I would prepare food for Ify, wash and spread her cloths too. Sometimes, Ify would ask me to cut her nails and even showed me how to paint them. I would clean the house and wash the dishes. I would rub her stomach and pamper her to sleep. She was just like a baby. I did all those things while hustling for money to pay for the rents of two apartments. I also had to deal with numerous requests of money from friends at home.
All those times, i never confronted one person from Nando. I didn’t know them. They never stopped me on the road. All they knew was that their pregnancy was in my custody and care. They had hoped to come up someday and ask for how much money i spent on the pregnancy, then they would pay me off and take their illustrious son Samson.
There were things we can’t just buy with money, the troubles i had while nurturing Ify’s pregnancy was one of them.
Ikenna made the biggest mistake of his life by coming to my house after the birth of Samson. He paid with Prison and deportation. His Kinsmen made the same mistake of stopping me on the road and issuing a one week ultimatum. They paid en masse too.
If the Igbo community thought it wise to isolate me without hearing my own side of the story, then i regard them as cowards. I wasn’t interested in confronting any individual who did nothing to me.

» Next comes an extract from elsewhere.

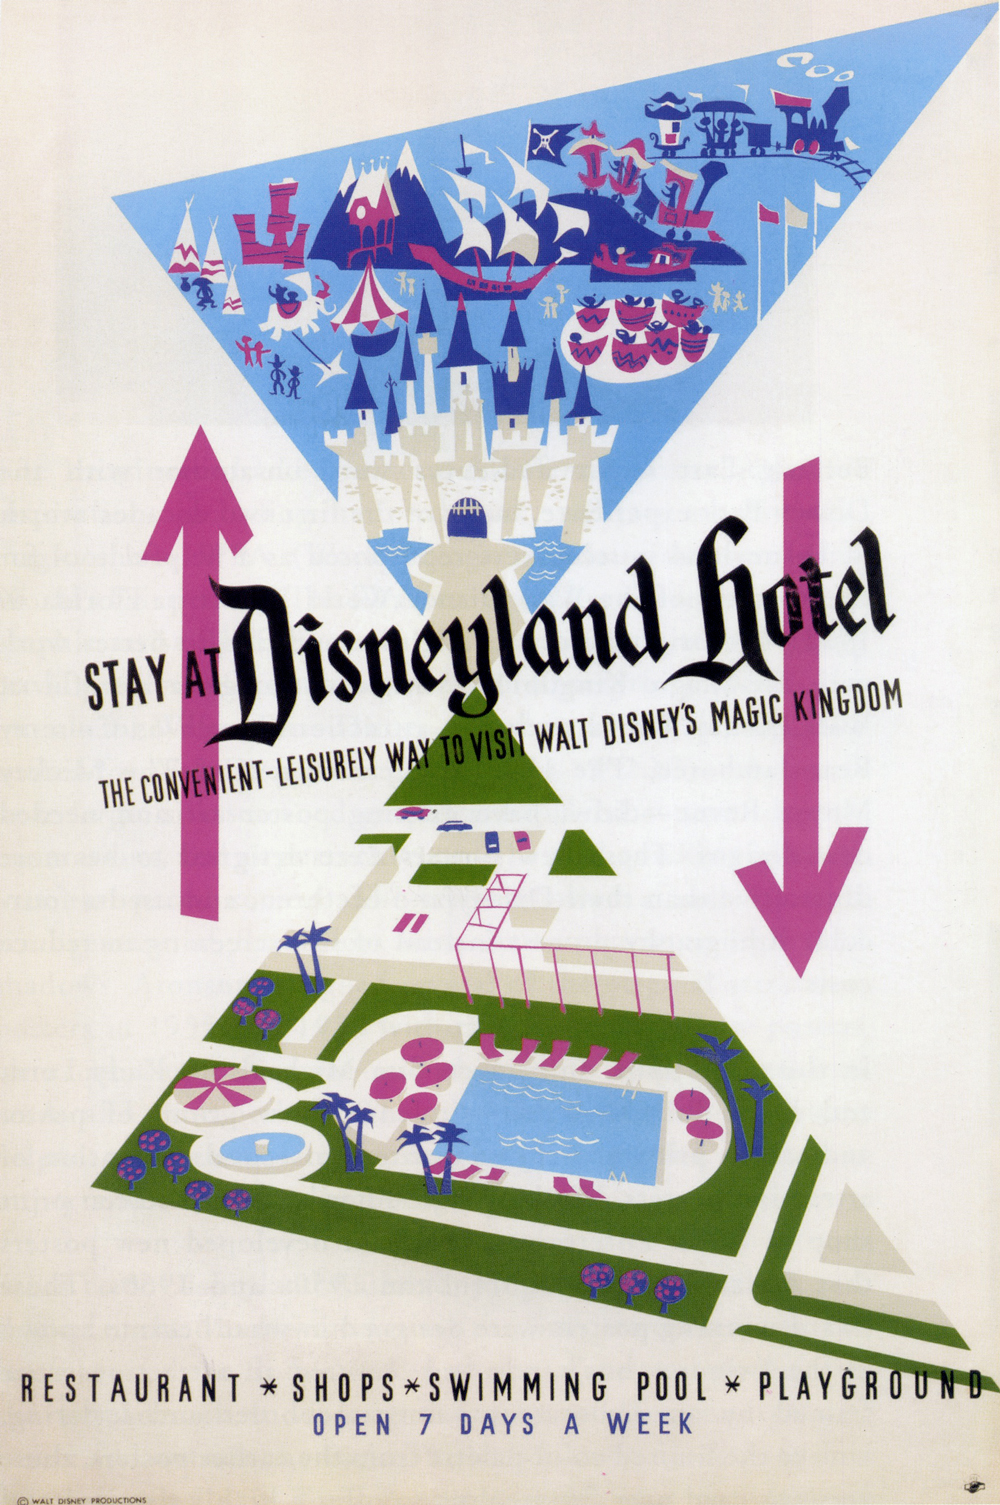 DisneyladHotel.jpg

What i hated most was physical assault like slaps.
I believed that an individual was also a nation of its own. We set our own rules and laws which guide us. I had made my own laws long time before Amsterdam.
Law Number one was; If you kill my dog, you better hide your cat. It was such a simple law.
Number two was; Don’t ever slap me, it represented insult to me.
You can kick me or push me but don’t slap me. Turning the other cheek was part of Jesus’ laws in the Bible. It was one of those laws i disagreed with Jesus on. There were other laws which you disagreed on too. Turning the other cheek wasn’t part of Ozoigbondu’s laws. I had mine.
Mine was made out of the current circumstances. The world had changed a lot since the Bible was written.
Bring it on Nandos and the entire haters of Jungle justice. I wrote my own rules. Obey them.
Kwakoe was some hours away from the time i was at the field watching football.